Raises: RuntimeError - If extract_text is True but page is not provided.

get_edges#

Extract edges (lines and rectangle borders) from a PDF page or from explicit edges.

def get_edges(
    page: Page | None = None,
    tf_settings: TfSettings | None = None,
    **kwargs: Unpack[TfSettingItems]
) -> dict[str, list[Edge]]

Parameters:

Parameter	Type	Description
`page`	`Optional[Page]`	The PDF page to extract edges from. Can be `None` only if both strategies are `"explicit"`
`tf_settings`	`Optional[TfSettings]`	TableFinder settings object
`**kwargs`	`Unpack[TfSettingItems]`	Additional keyword arguments passed to TfSettings

Returns: dict - A dictionary with keys "h" (horizontal edges) and "v" (vertical edges).

Raises: RuntimeError - If page is None and either strategy is not "explicit".

plumber_edge_to_tablers_edge#

Convert a pdfplumber edge dictionary to a Tablers Edge object.

from tablers.edges import plumber_edge_to_tablers_edge

def plumber_edge_to_tablers_edge(
    plumber_edge: dict[str, Any],
    page_rotation: float,
    page_height: float,
    page_width: float,
) -> Edge

Parameters:

Parameter	Type	Description
`plumber_edge`	`dict[str, Any]`	A pdfplumber edge dictionary containing `orientation`, `x0`, `y0`, `x1`, `y1`, `linewidth`, and `stroking_color`
`page_rotation`	`float`	The rotation of the page in degrees
`page_height`	`float`	The height of the page
`page_width`	`float`	The width of the page

Returns: Edge - A Tablers Edge object.

Tip

This function can serve as a reference for writing conversion functions for other PDF libraries. See Using Edges from Other Libraries for more details.

Classes#

Document#

Represents an opened PDF document.

class Document:
    def __init__(
        self,
        path: Path | str | None = None,
        bytes: bytes | None = None,
        password: str | None = None
    )

Parameters:

Parameter	Type	Description
`path`	`Union[Path, str, None]`	File path to the PDF document
`bytes`	`Optional[bytes]`	PDF content as bytes
`password`	`Optional[str]`	Password for encrypted PDFs

Note

Either path or bytes must be provided, but not both.

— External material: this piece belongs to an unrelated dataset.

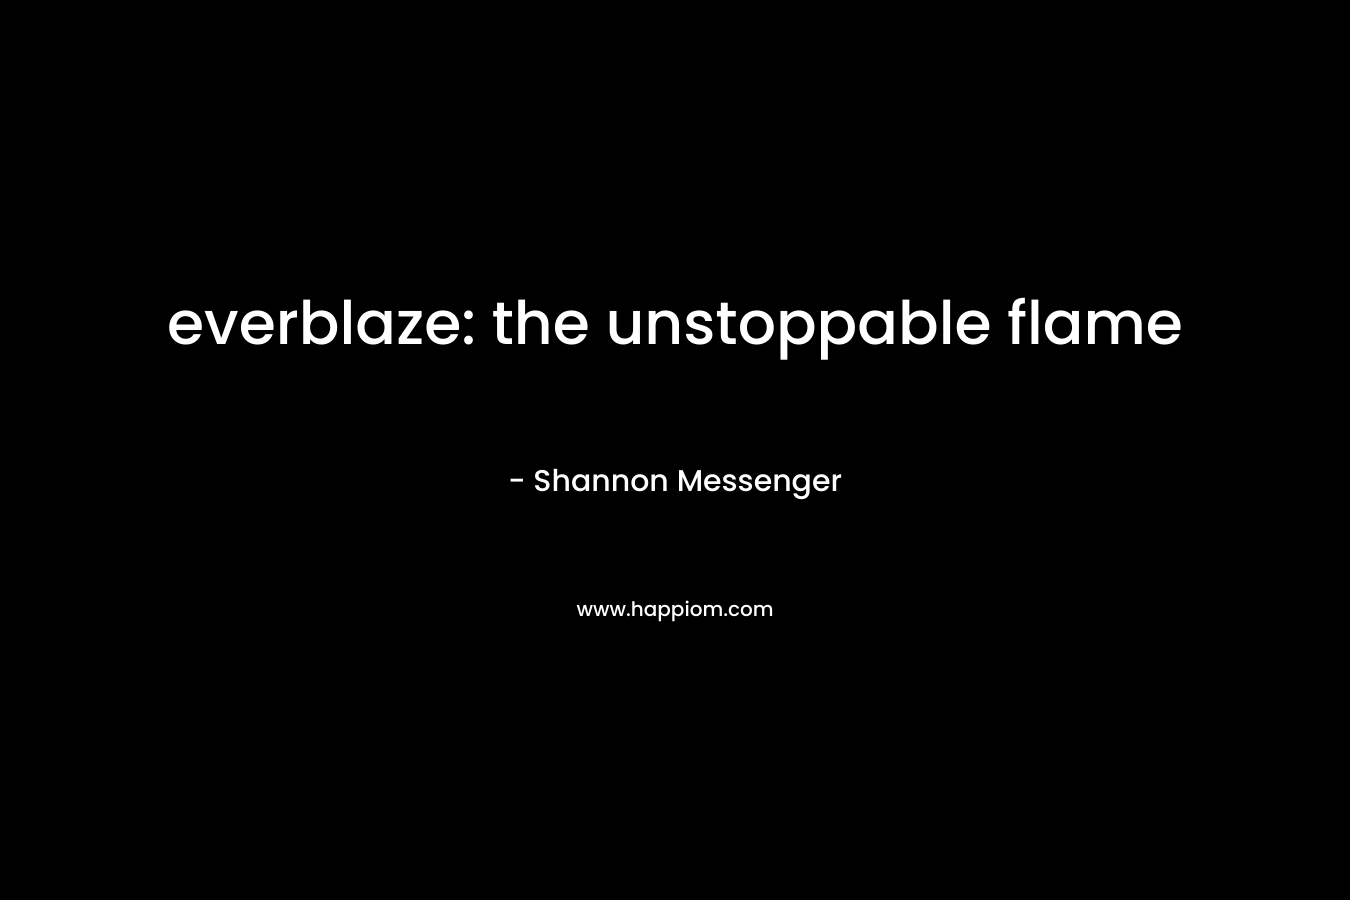 everblaze: the unstoppable flame

If both are provided, only path is used.

Methods:

Method	Returns	Description
`page_count()`	`int`	Get the total number of pages
`get_page(page_num)`	`Page`	Retrieve a specific page by index (0-based)
`pages()`	`PageIterator`	Get an iterator over all pages
`close()`	`None`	Close the document and release resources
`is_closed()`	`bool`	Check if the document has been closed

Context Manager:

with Document("example.pdf") as doc:
    for page in doc:
        print(page.width, page.height)

Page#

Represents a single page in a PDF document.

Attributes:

Attribute	Type	Description
`width`	`float`	The width of the page in points
`height`	`float`	The height of the page in points
`objects`	`Optional[Objects]`	Extracted objects, or None if not extracted

Methods:

Method	Returns	Description
`is_valid()`	`bool`	Check if the page reference is still valid
`extract_objects()`	`None`	Extract all objects from the page
`clear()`	`None`	Clear cached objects to free memory

Table#

Represents a table extracted from a PDF page.

Attributes:

Attribute	Type	Description
`bbox`	`tuple[float, float, float, float]`	Bounding box (x1, y1, x2, y2)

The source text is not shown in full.